I used this to download a ton of my data from reddit. Figured I'd give some feedback on how I used it/what worked/what didn't
"[X] It looks like you are not authenticated well ..."
Sometimes I would get "[X] It looks like you are not authenticated well. [X] Please check your credentials and retry.". Upon further inspection it was the result of querying a link_id that returned a 403 response, and was not an issue with authentication. As an example, link_id 8vkhv8
, as the subreddit is now private. Probably needs a better error message for that exception/another except case.
JSON format
I found the html format to be nice but not machine-digestable.

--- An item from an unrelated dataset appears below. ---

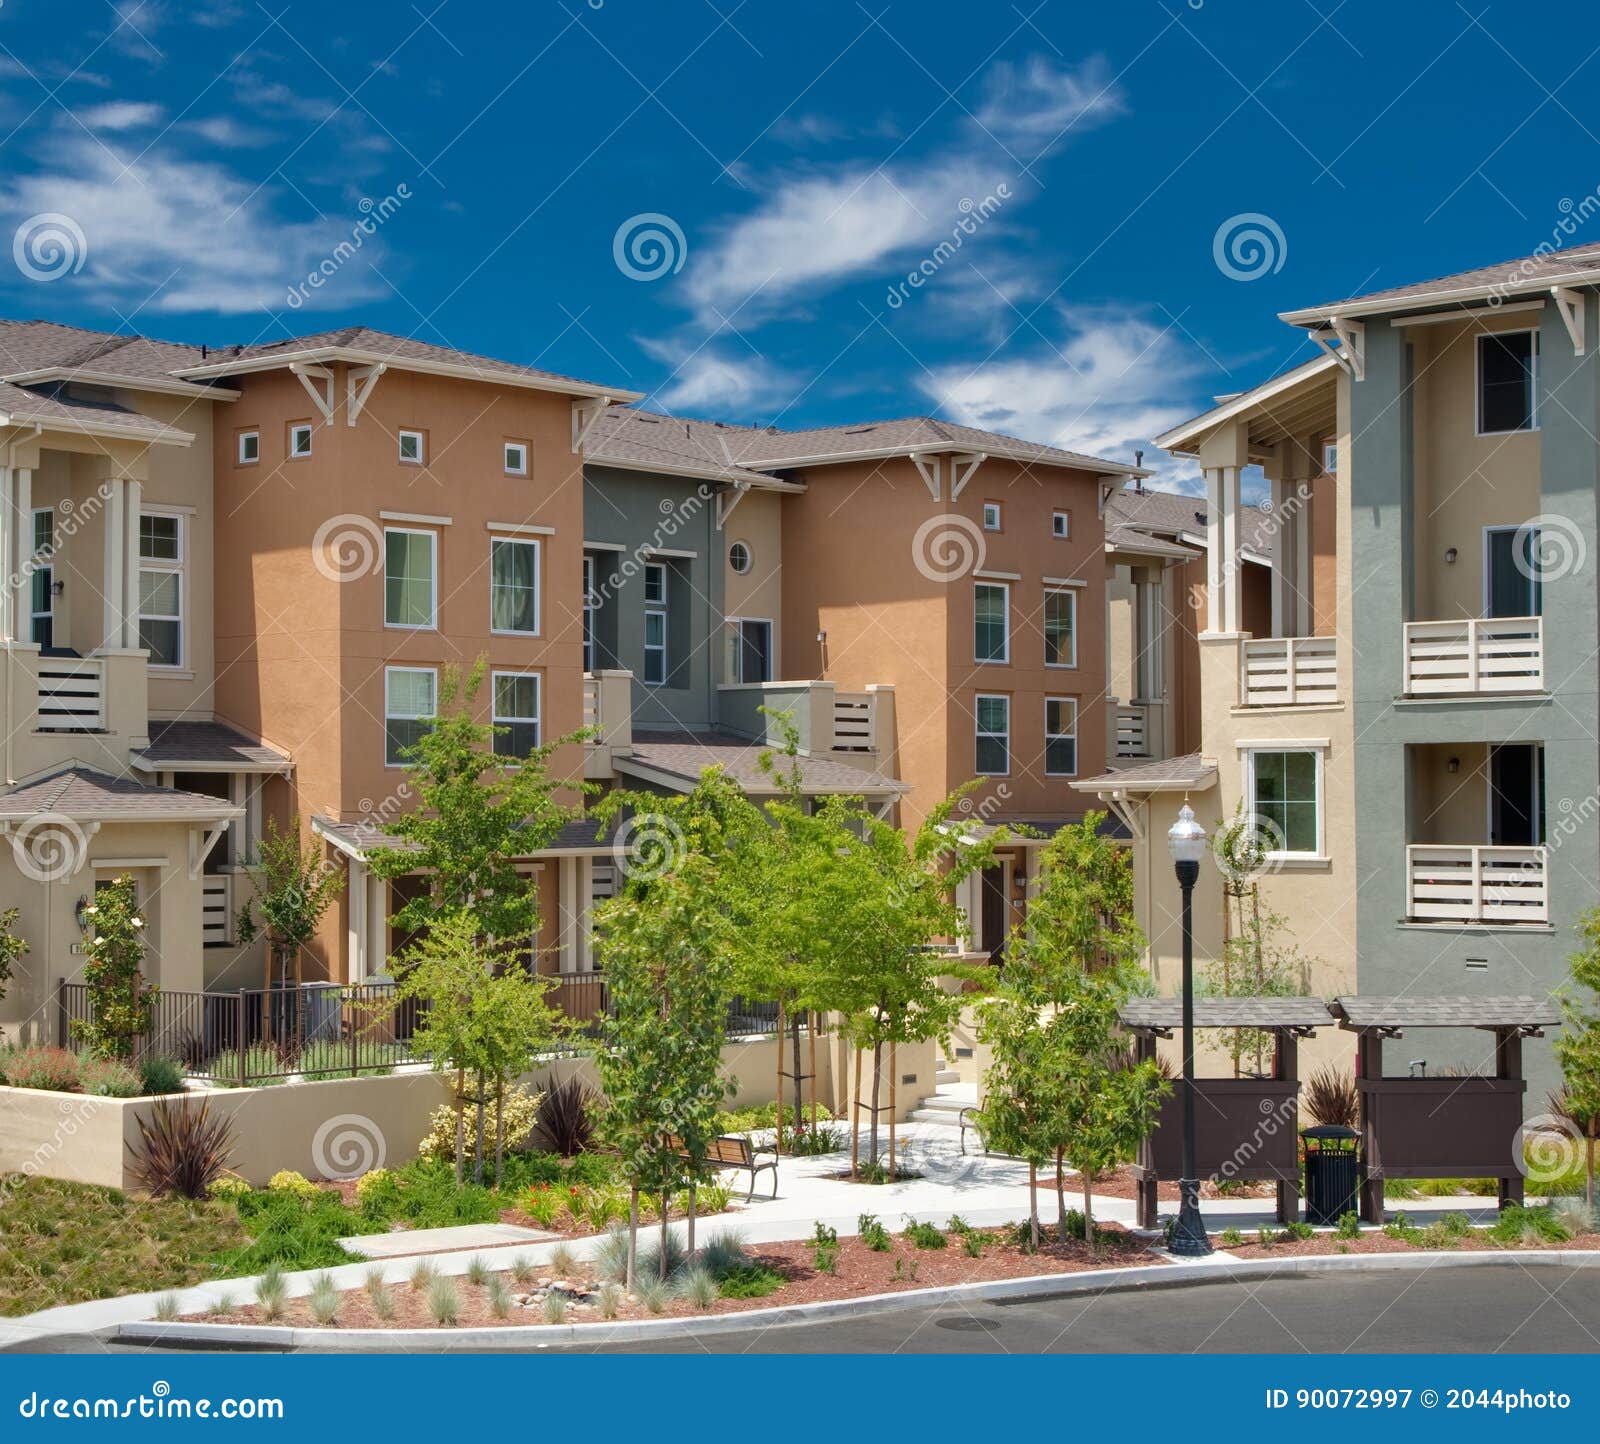 multi-family residential condominium community

I added a pretty botched json export along with my html export. After "Submission downloaded", I added
@jsonpickle.handlers.register(praw.models.reddit.submission.Submission, base=True)
class SubmissionHandler(jsonpickle.handlers.BaseHandler):
def flatten(self, obj, data):
return {}
@jsonpickle.handlers.register(praw.reddit.Reddit, base=True)
class RedditHandler(jsonpickle.handlers.BaseHandler):
def flatten(self, obj, data):
return {}
write_json(jsonpickle.encode(submission.comments[:]), submission, submission_id, now, args.output)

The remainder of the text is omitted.